The best way to think of rel=up is to look at your breadcrumb navigation (or at least imagine it). Your home page is probably the first page in your breadcrumbs, and the current page is at the tail end. rel=up points to the next-to-the-last page in the breadcrumbs.
rel=nofollow "indicates that the link is not endorsed by the original author or publisher of the page, or that the link to the referenced document was included primarily because of a commercial relationship between people affiliated with the two pages." It was invented by Google and standardized within the microformats community. The thinking was that if "nofollow" links did not pass on PageRank, spammers would give up trying to post spam comments on weblogs. That didn't happen, but rel=nofollow persists. Many popular blogging systems default to adding rel=nofollow to links added by commenters.
r1950 extends rel=noreferrer to also blow away the 'opener' when used with target=_blank
New in HTML 5
rel=pingback specifies the address of a "pingback" server. As explained in the Pingback specification, "The pingback system is a way for a blog to be automatically notified when other Web sites link to it. ... It enables reverse linking -- a way of going back up a chain of links rather than merely drilling down."
Blogging systems, notably WordPress, implement the pingback mechanism to notify authors that you have linked to them when creating a new blog post.
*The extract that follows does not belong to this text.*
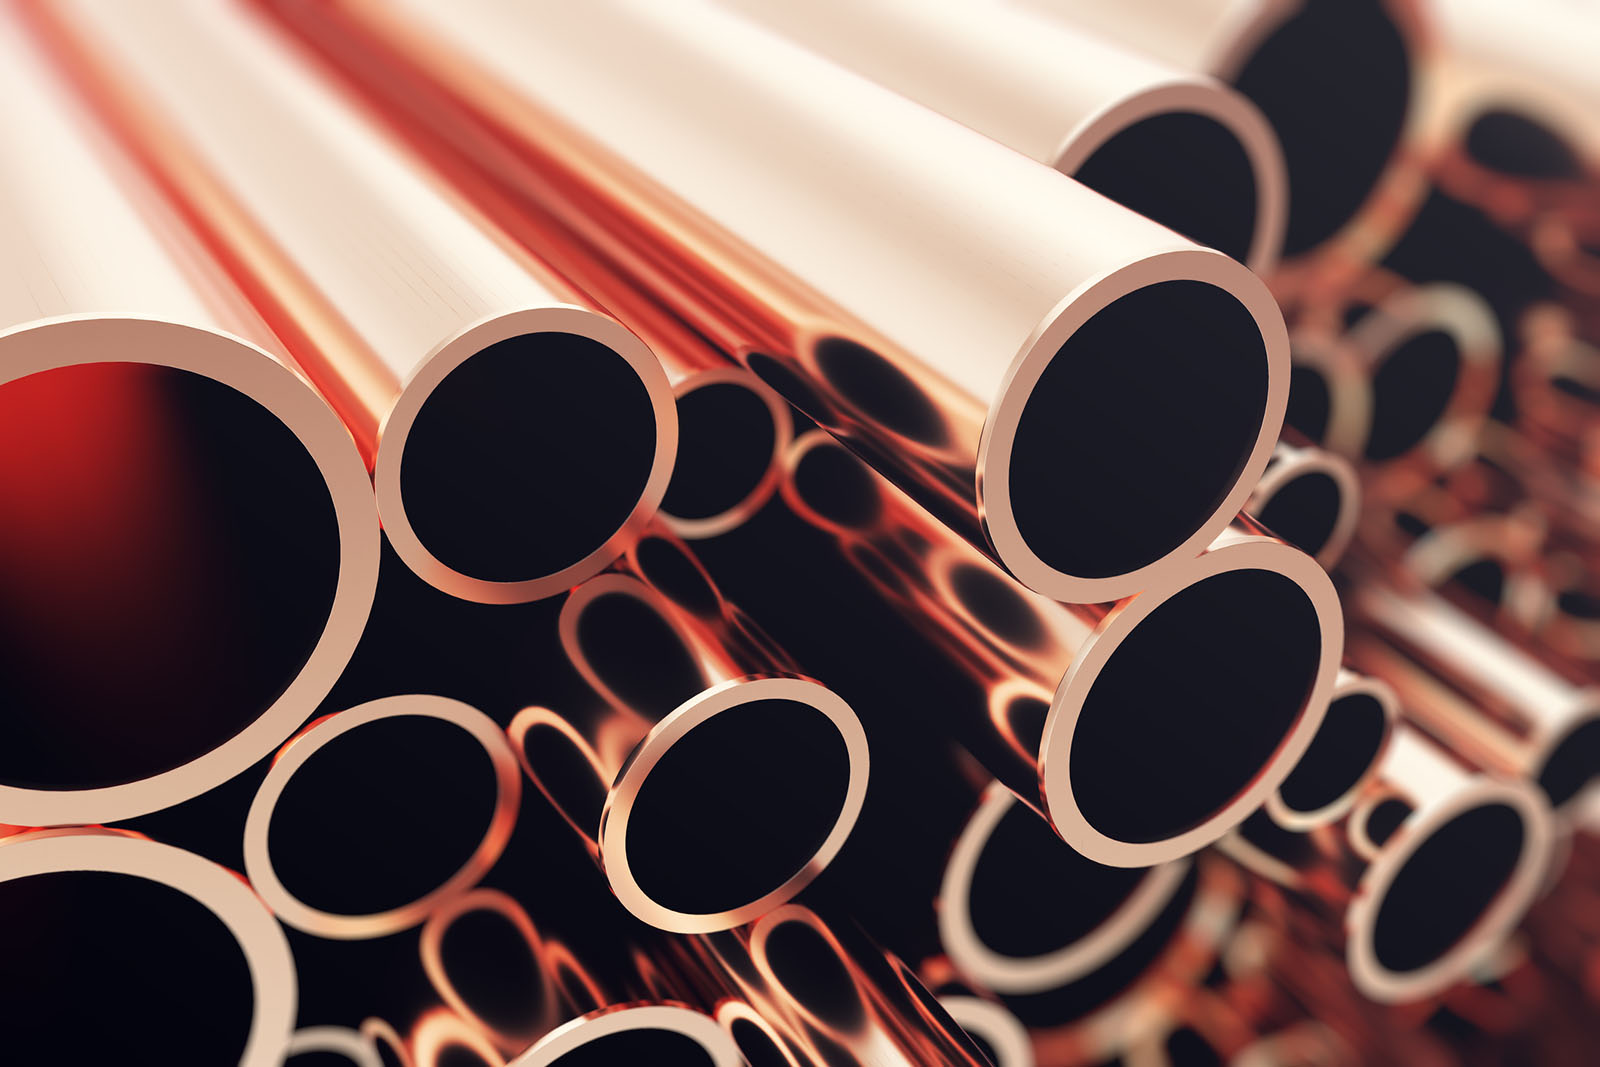 What Type of Copper Pipes to Get for Your Home

rel=prefetch "indicates that preemptively fetching and caching the specified resource is likely to be beneficial, as it is highly likely that the user will require this resource." Search engines sometimes add <link rel=prefetch href="URL of top search result"> to the search results page if they feel that the top result is wildly more popular than any other. For example: using Firefox, search Google for CNN; view source; search for the keyword "prefetch".
Mozilla Firefox is the only current browser that supports rel=prefetch.
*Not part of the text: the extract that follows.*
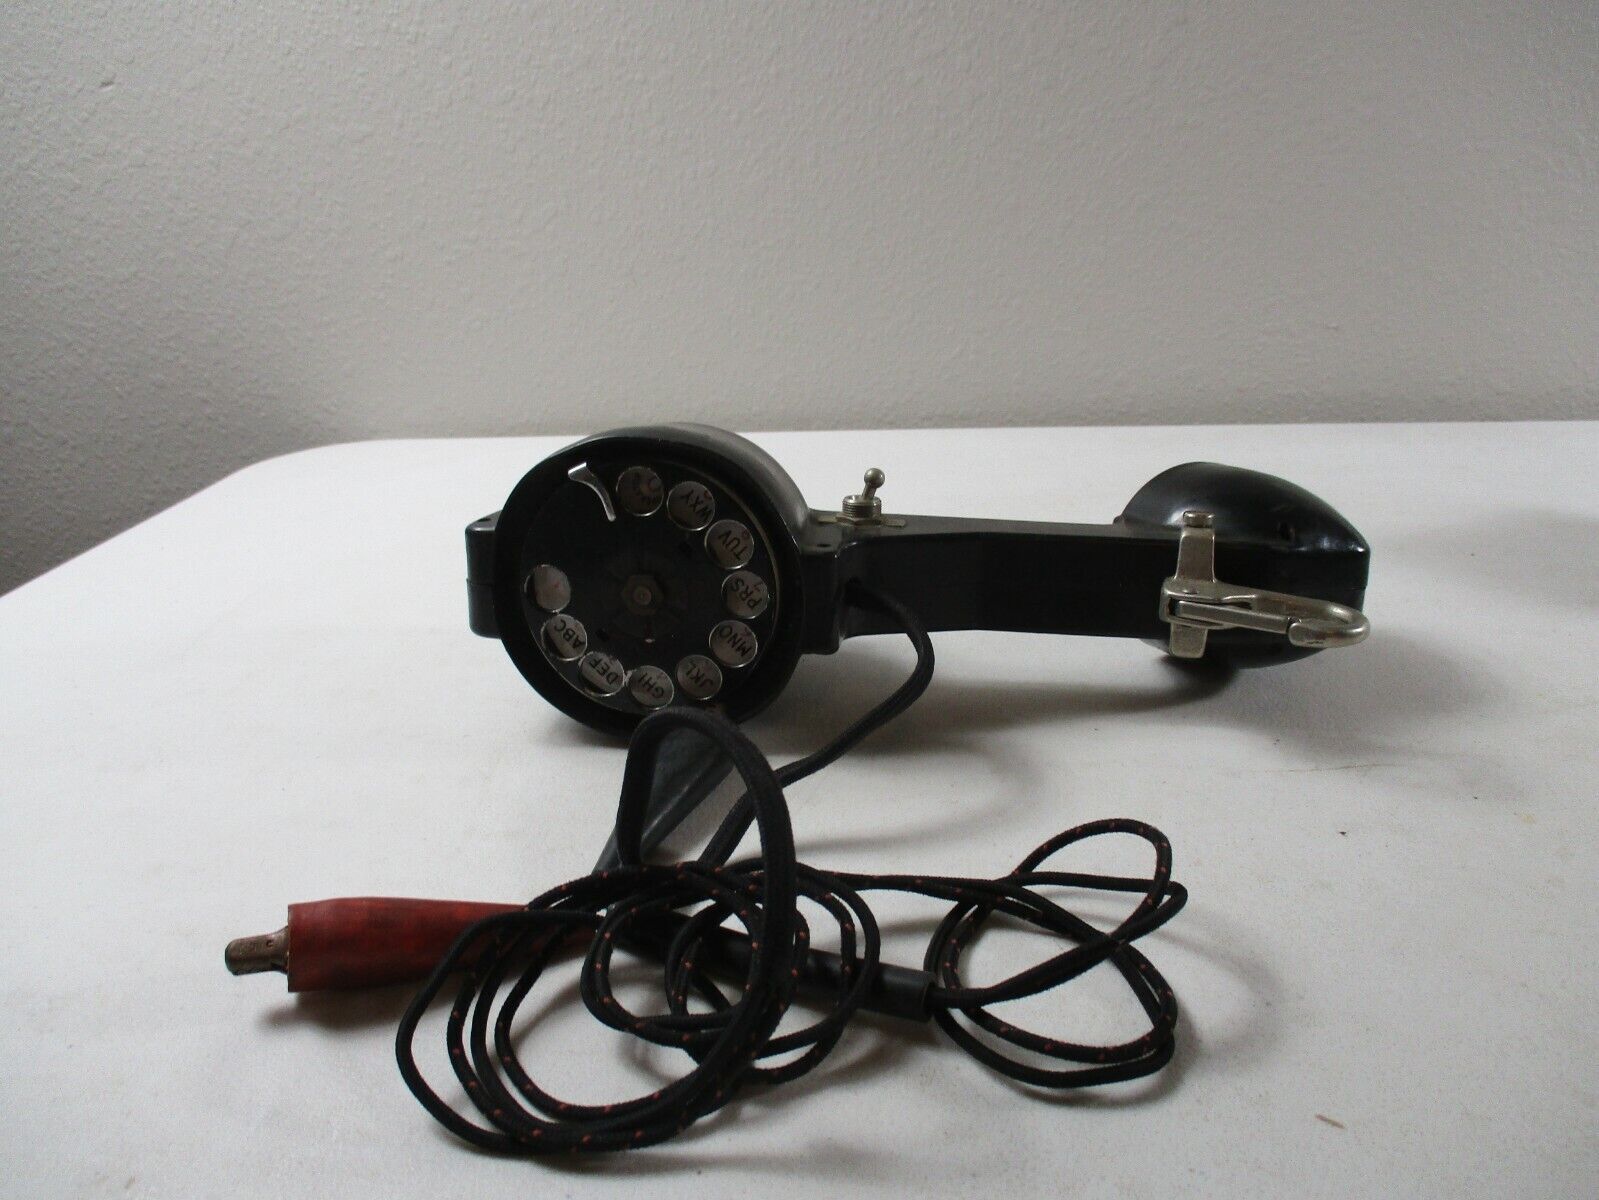 VINTAGE BECO LINEMAN’S ROTARY TELEPHONE TESTER WORKING

rel=search "indicates that the referenced document provides an interface specifically for searching the document and its related resources." Specifically, if you want rel=search to do anything useful, it should point to an OpenSearch document that describes how a browser could construct a URL to search the current site for a given keyword.
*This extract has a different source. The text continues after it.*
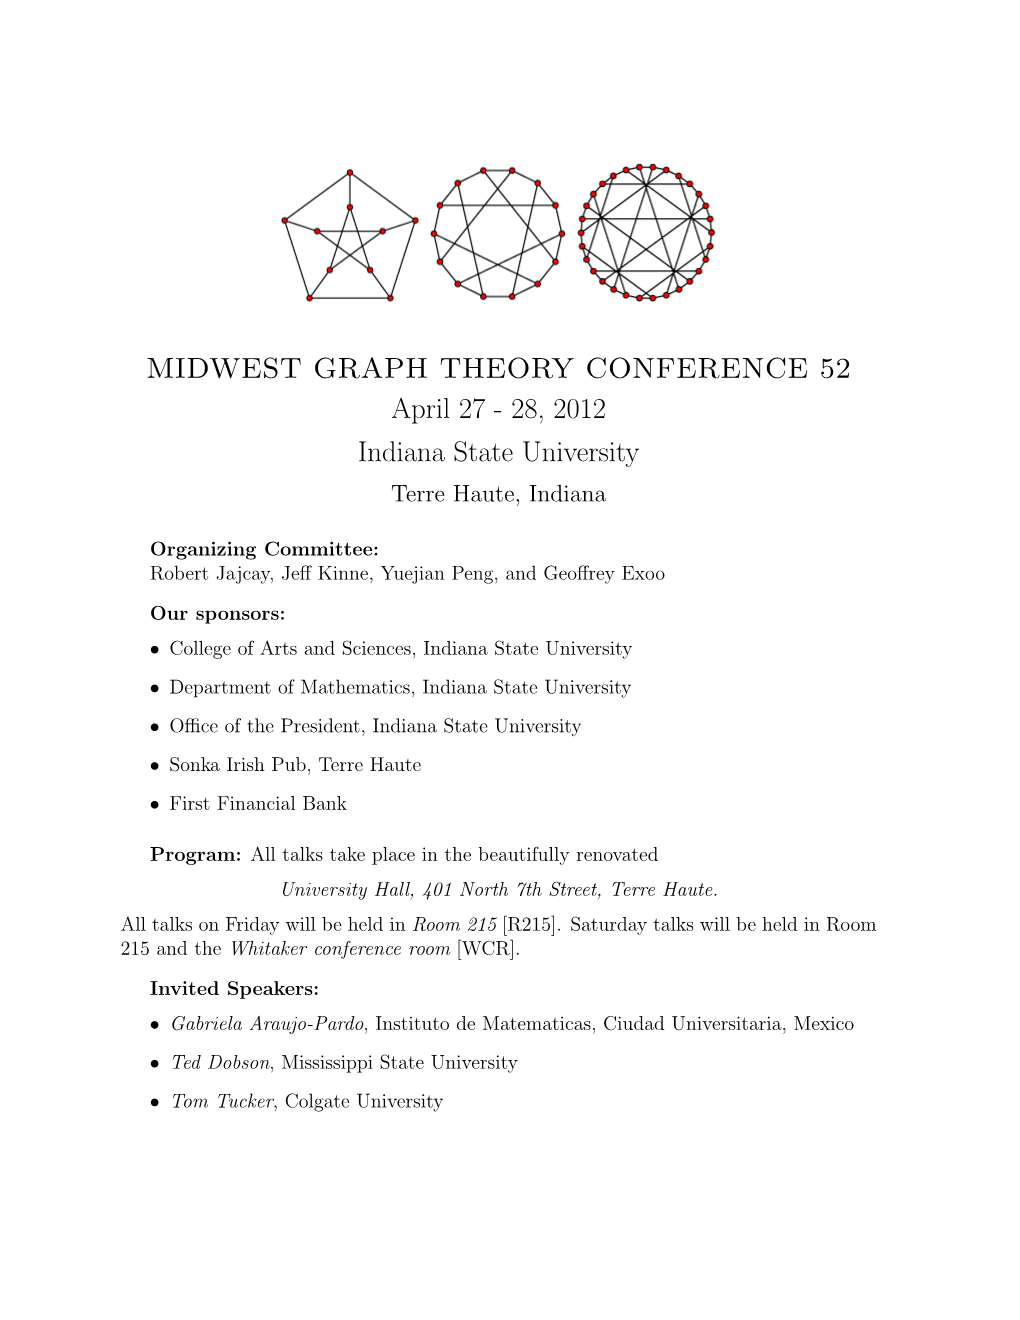 MIDWEST GRAPH THEORY CONFERENCE 52 April 27 - 28, 2012 Indiana State University Terre Haute, Indiana

OpenSearch (and rel=search links that point to OpenSearch description documents) is supported in Microsoft Internet Explorer since version 7 and Mozilla Firefox since version 2.
r484 adds a note about OpenSearch documents in particular
New in HTML 5
rel=sidebar "indicates that the referenced document, if retrieved, is intended to be shown in a secondary browsing context (if possible), instead of in the current browsing context." What does that mean? In Opera and Mozilla Firefox, it means "when I click this link, prompt the user to create a bookmark that, when selected from the Bookmarks menu, opens the linked document in a browser sidebar." (Opera actually calls it the "panel" instead of the "sidebar.")
Internet Explorer, Safari, and Chrome ignore rel=sidebar and just treat it as a regular link. [rel=sidebar test case]
r668 revamps the definition based on the concept of a "secondary browsing context."
New in HTML 5
rel=tag "indicates that the tag that the referenced document represents applies to the current document." Marking up "tags" (category keywords) with the rel attribute was invented by Technorati to help them categorize blog posts. Early blogs and tutorials thus referred to them as "Technorati tags." (You read that right: a commercial company convinced the entire world to add metadata that made the company's job easier. Nice work if you can get it!) The syntax was later standardized within the microformats community, where it was simply called "rel=tag".
Most blogging systems that allow associating categories, keywords, or tags with individual posts will mark them up with rel=tag links. Browsers do not do anything special with them, but they're really designed for search engines to use as a signal of what the page is about.